A Throne of Ruin (Deliciously Dark Fairytales 2)
Page 69
I screwed up my face. I’m not following.
What is more powerful than a species’ biological need to procreate? It’s built in. And an alpha like him, with the attraction he has for us—he’s going to feel it incredibly strongly.
So you think his desperation to procreate is somehow going to break through the curse? I asked.
She took a moment, and it felt like she was gathering herself.
This is what I know, she finally thought, and I could tell she was trying to work things out. Trying to figure out her own constraints. Of all the shifters in this whole kingdom, only one was powerful enough, and headstrong enough, to batter his way through the curse’s hold and force a change. That shouldn’t have been possible, and that dragon took great damage, but they still managed it. Their will to remain together was stronger than the curse’s magic.
She paused, and I waited for her to continue.
When I gather enough power to shift, intent on forcing your hand to do something I want, that happens by drawing on the primal urges within me. To shift. To mate. To claim and be claimed. It’s all primal. It’s all built in. The dragon showed me how, and drawing on it shaves away the hold the curse has on us. Now there is this frenzy to mate, to build a family, and the compulsion is ten times stronger for some reason. I can feel it. I know he can. He will move mountains to see it done. He will be an unstoppable force. The man needs that if he is going to survive. We need it. The kingdom needs it. Plus, I want it. I want him.
I shook my head and stared at the ceiling. Why all of a sudden is this a thing?
Because all of a sudden it became a possibility, idiot. Someone didn’t bother warding off pregnancy with the tea, and that fact has incited the dragon. I doubt he knows the details on how this stuff works, so he’s going to try to load you up with his seed to make sure it takes.
Ew, I thought. I might want a family someday, but I did not want to think of it in those terms.
It was the dragon that set me off, and now I’m buzzing with the frenzy to mate. Or maybe he’s buzzing with it and I’m all for it? It’s all one big, delicious, turbulent jumble of need and longing, and I want to sink down into it and lose myself.
I thought back to Nyfain’s anger when he realized I wasn’t taking the tea. To his outburst. To how that made me feel.
Well, don’t, I thought, another tear slipping down. I won’t try to incite him with this.
Not even to give him desperately needed access to more power?
I shook my head, suddenly exhausted.
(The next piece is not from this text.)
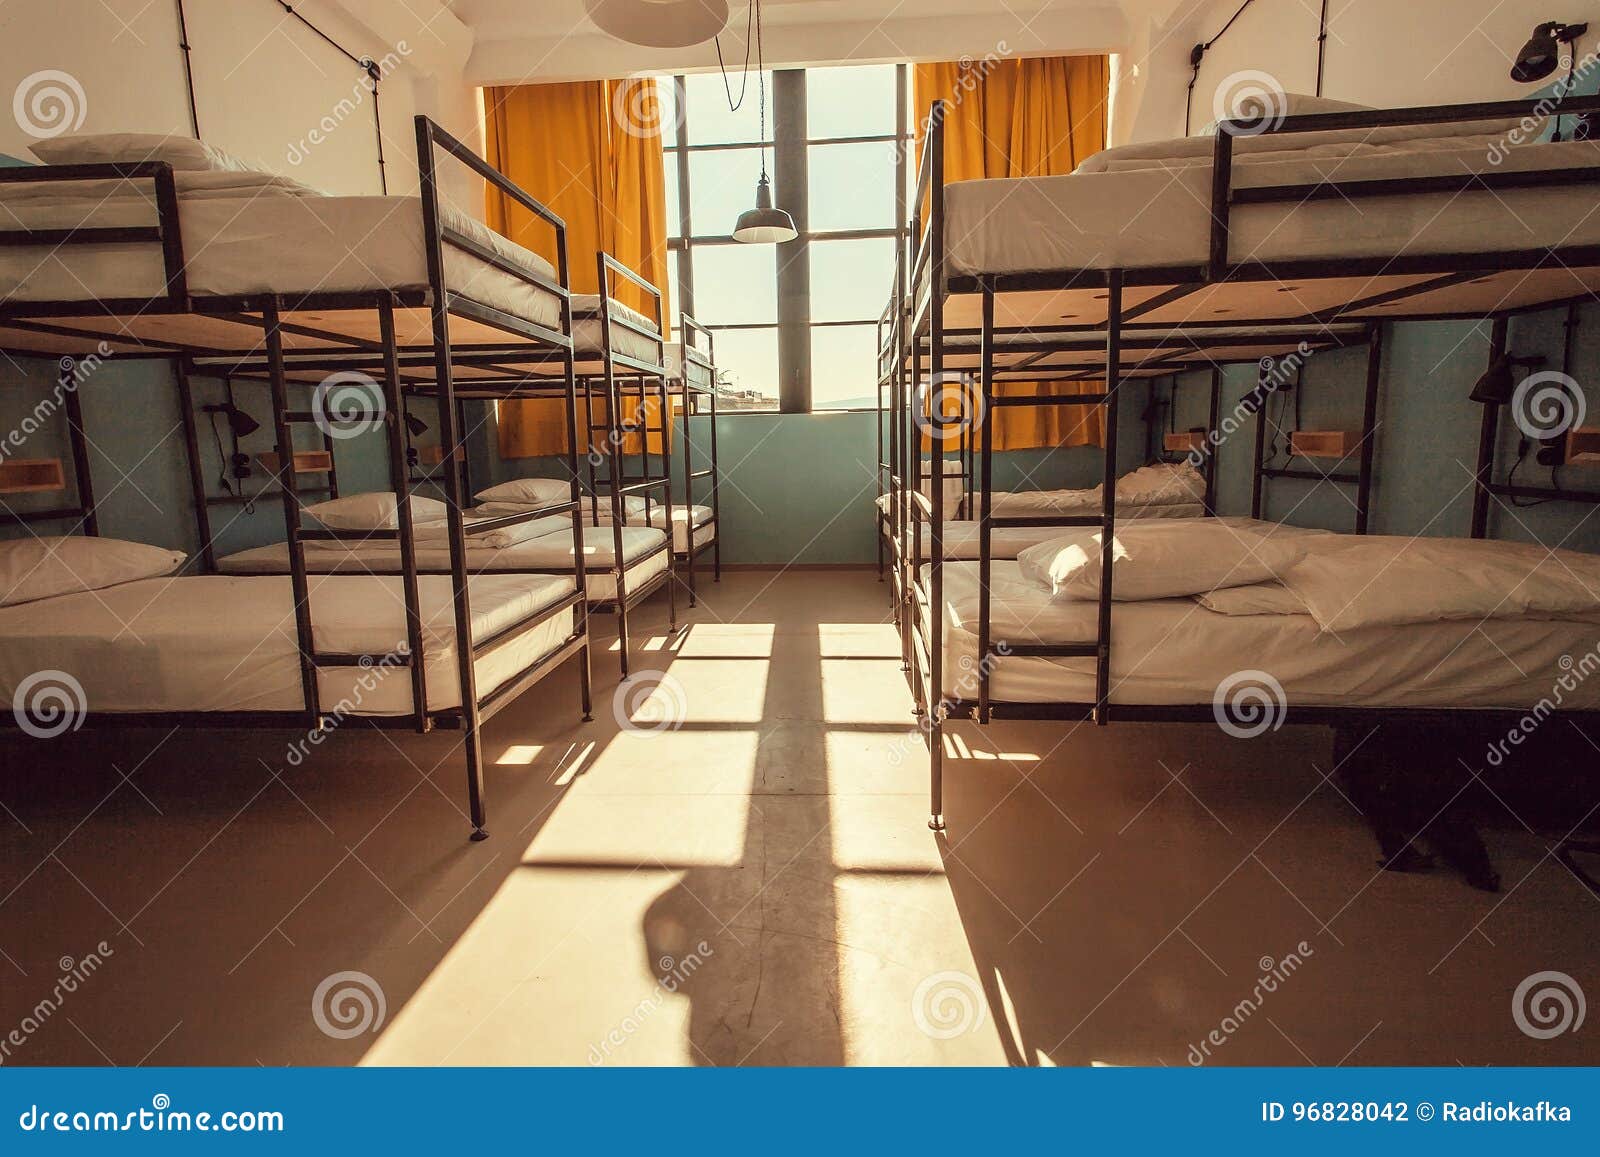 Двухэтажное общежитие. Тбилиси хостел Backpackers. Двухэтажное общежитие с 4 комнатами. Финские модульные общежития внутри.

Nyfain doesn’t want to claim me. He sure as shit doesn’t want to get me with child. I’m sure I’ll bleed soon, and that’s the end of it. The way past this curse isn’t fucking with that dragon’s head. He’s crazy enough.
My animal settled down grumpily, and I continued to watch the sky.
Regardless of his reasons, Nyfain had handled that situation badly. I had to own that it had hurt, how he’d treated me. I might make allowances for some outbursts, but that one had crossed the line. I planned to make sure he knew it.
The next afternoon, after preparing everything for a harvest that night, I stepped into the garden by way of the wall. I did not plan to go through the queen’s chambers in case Nyfain was in there for some reason, probably staring at that wilting rosebush and brooding. He did that well, the brooding. It was his trademark.
“How goes it, boys?” I asked, sizing up the rosebushes. Soon I’d be ready to tackle those suckers. I wanted to attend to the everlass, but after that, these bushes were going to get my full attention.
Hadriel straightened up and grabbed his back. “Good, I think. But Jawson doesn’t think this soil is the best.”
Jawson was on his hands and knees weeding the area by the wall. He used the wall to straighten up to his knees so he could look at me.
“It’s a little too acidic, Miss Finley, if I had to guess.” He took a handful and let it run out the side of his palm.
“He is definitely guessing,” Gyril announced, hacking at a blackberry root. “He hasn’t brought out any of his little machines or anything.”
“I’ve been doing this all of my life, young man, and I know about soil.”
“Yeah, but given you are still alive, you’ve been doing a mediocre job all of your life,” Hadriel said, looking over the ground. He bent to scoop out another couple of weeds he’d missed.
“Mediocrity ends now,” I said, and power rode my words. I wouldn’t be hiding that, either. I was letting my lady balls hang out, and they were big and beautiful, and, unlike a man’s, they liked it rough.